Years ago I was whining to a friend about how impossible my life was with "all these damn children that D forced me to have so he could trap me into marriage..." and her response was "The days are long, but the years are short."

I held in my eye roll and the snide remark, but I wanted to tell her there's NOTHING short about shitty diapers and midnight feedings other than the short little assholes who make and require them.  (Don't call CPS or assume I'm a horrible shit:   I had two babies under 18 months and a middle-schooler ALL while working full time! Oh! Also don't forget - D was working out of town Monday through Thursday so I was doing this by myself even though I technically had a back-up. 
Anyway,  back off  Judgy-McJudgerson - I earned the right to call them assholes)

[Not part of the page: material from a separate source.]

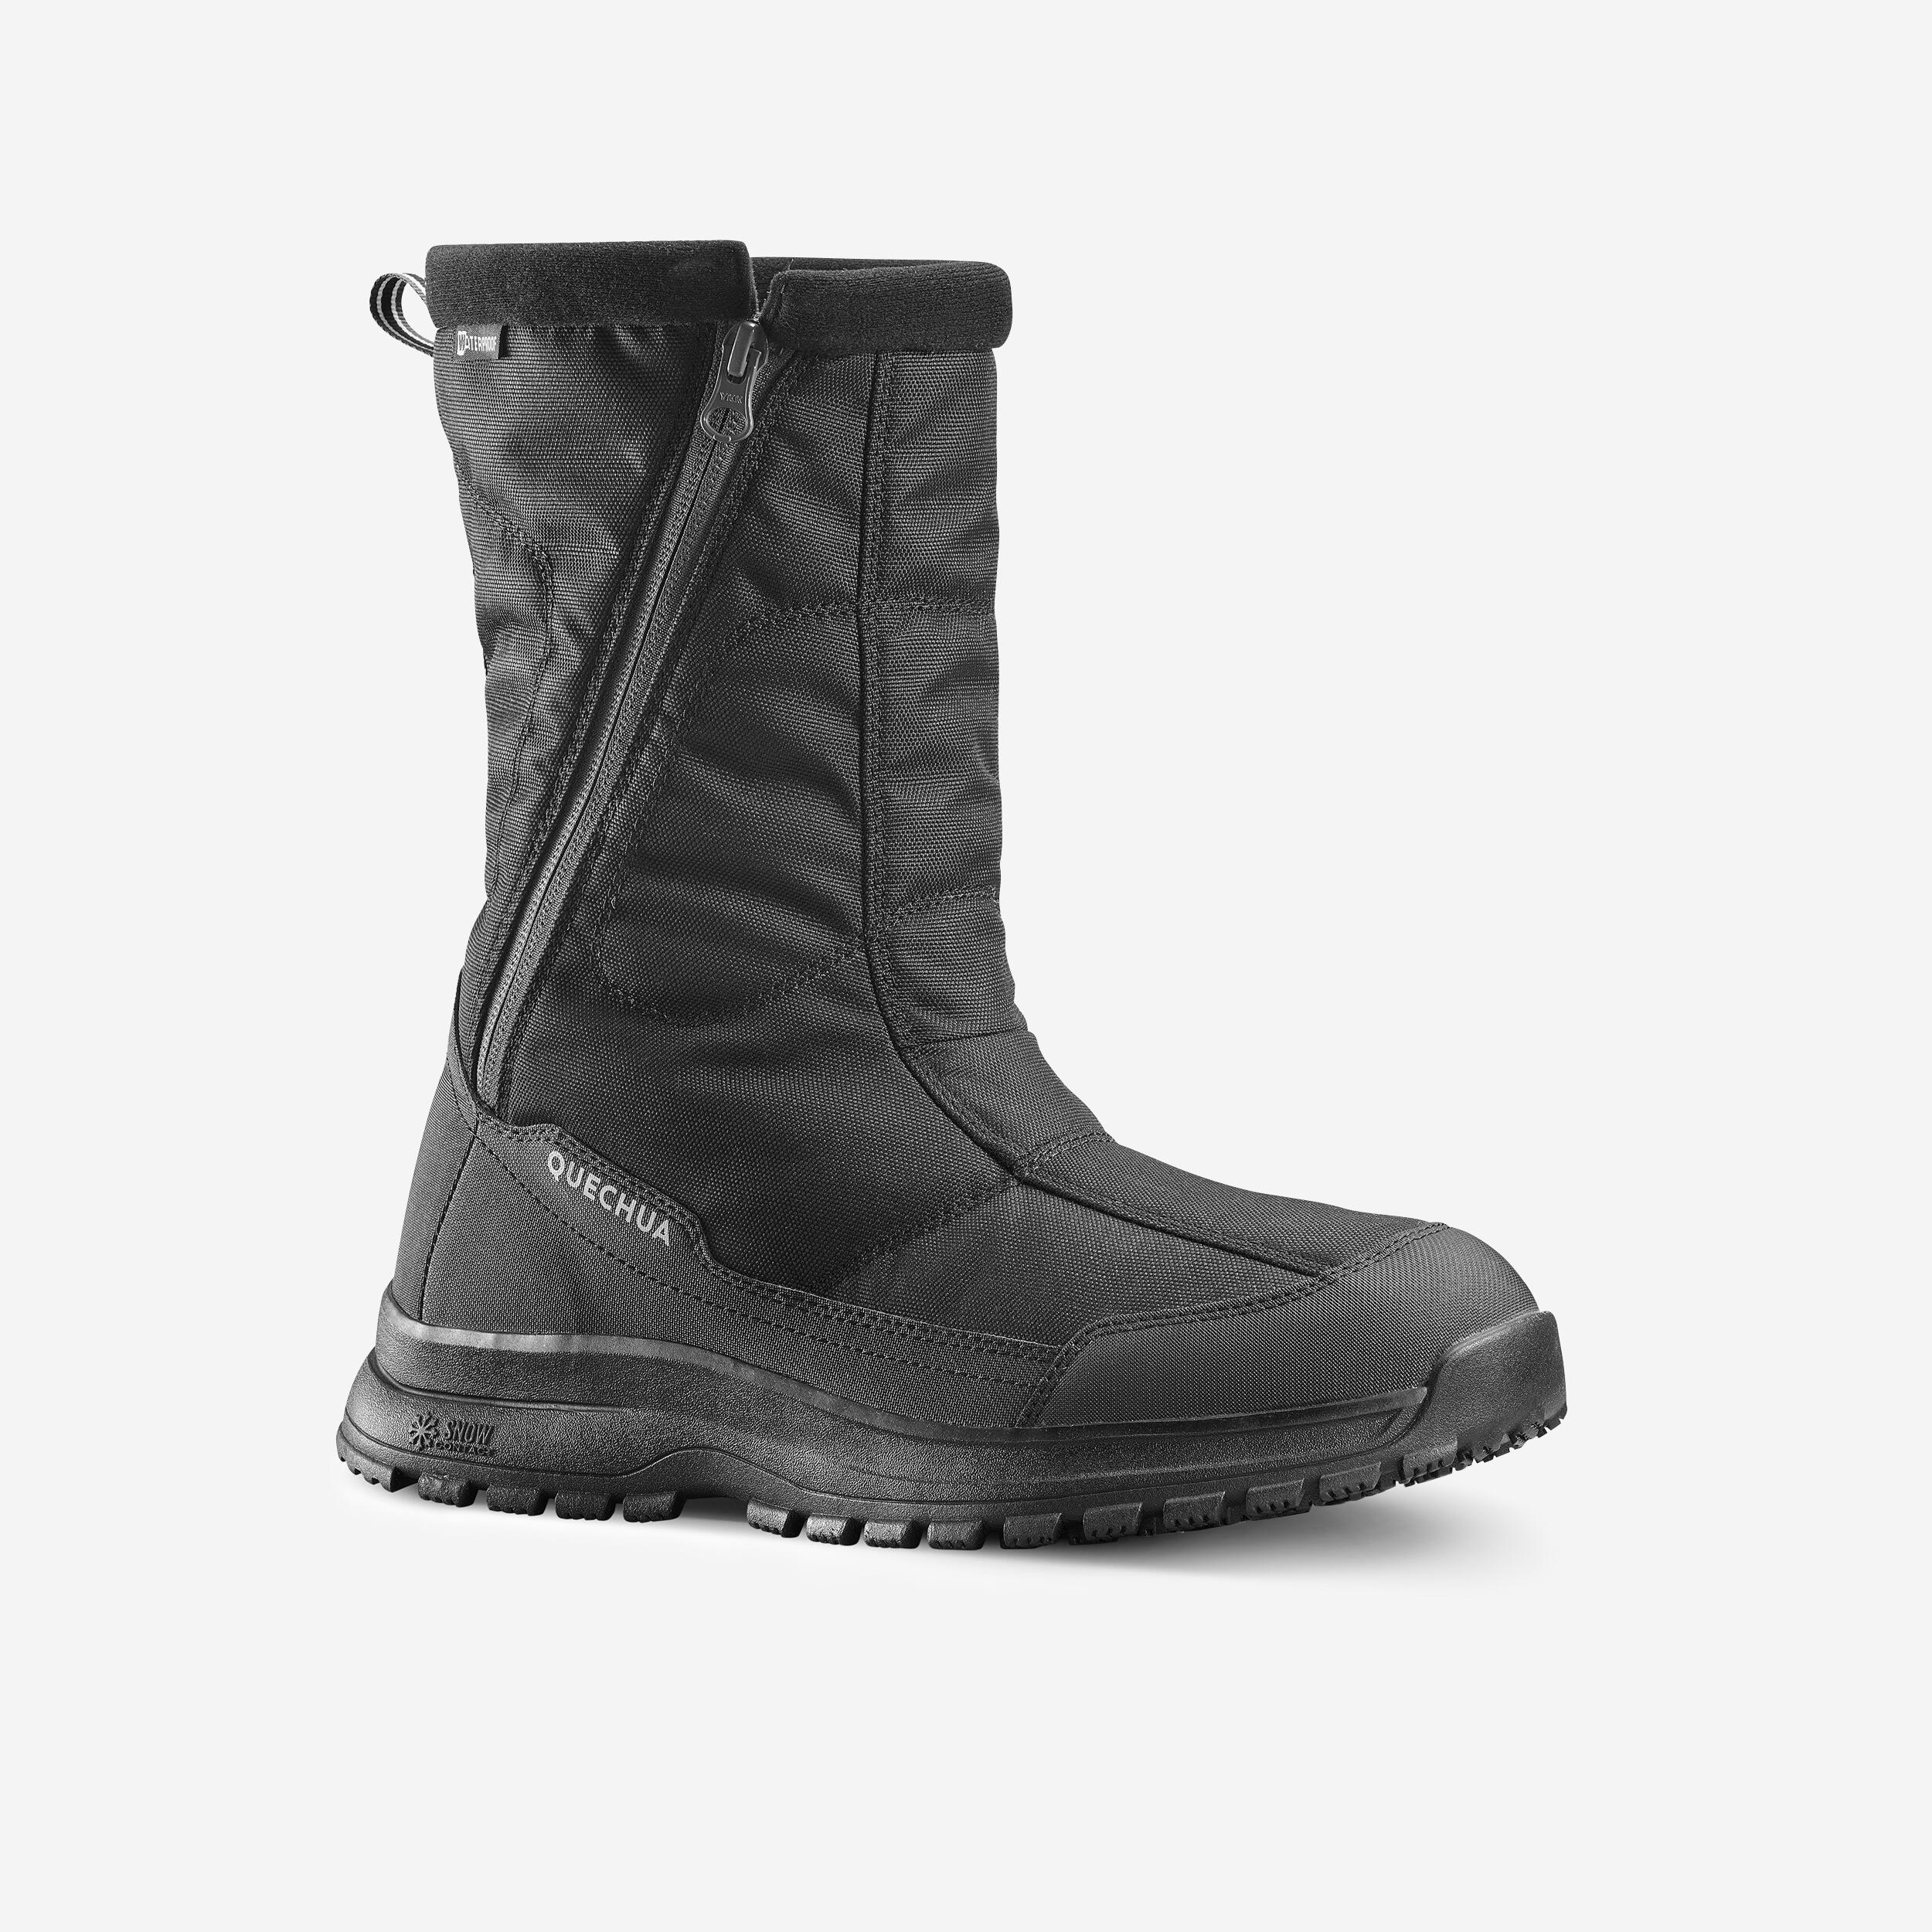 QUECHUA Men's warm waterproof snow hiking boots  - SH100 Zip

Now that quote makes me cry like a damn idiot.  

Last night on the way home from cheer she asked me a question and I wanted to give her an answer that she would always remember, but about 40 seconds into my heartfelt response I saw her staring into the vanity mirror making kissy faces and taking selfies...

I realized a few things:
1)  I'll have to print this out as a book because she won't actually "feel my pain" till she's feeling her own
2) She's still a dick
2) She makes a really good kissy face
3) Even if I forced her to listen to my speech she wouldn't get it...it's not even in her realm of thought yet. 

The End



Fast forward about a year:
09/20/2018

The days are still really fucking long (mostly because my teenager has a cell phone and repeatedly texts me about shit that can wait till later...and meetings - always meetings)



The years are a vortex of mind fuckery:
They seem short in reference to big Red.  Oh my god do they seem short!  I don't know where 15 years went.  I feel like shes slipping through my fingers in front of my eyes.  But they're also amazing and wonderful and fun.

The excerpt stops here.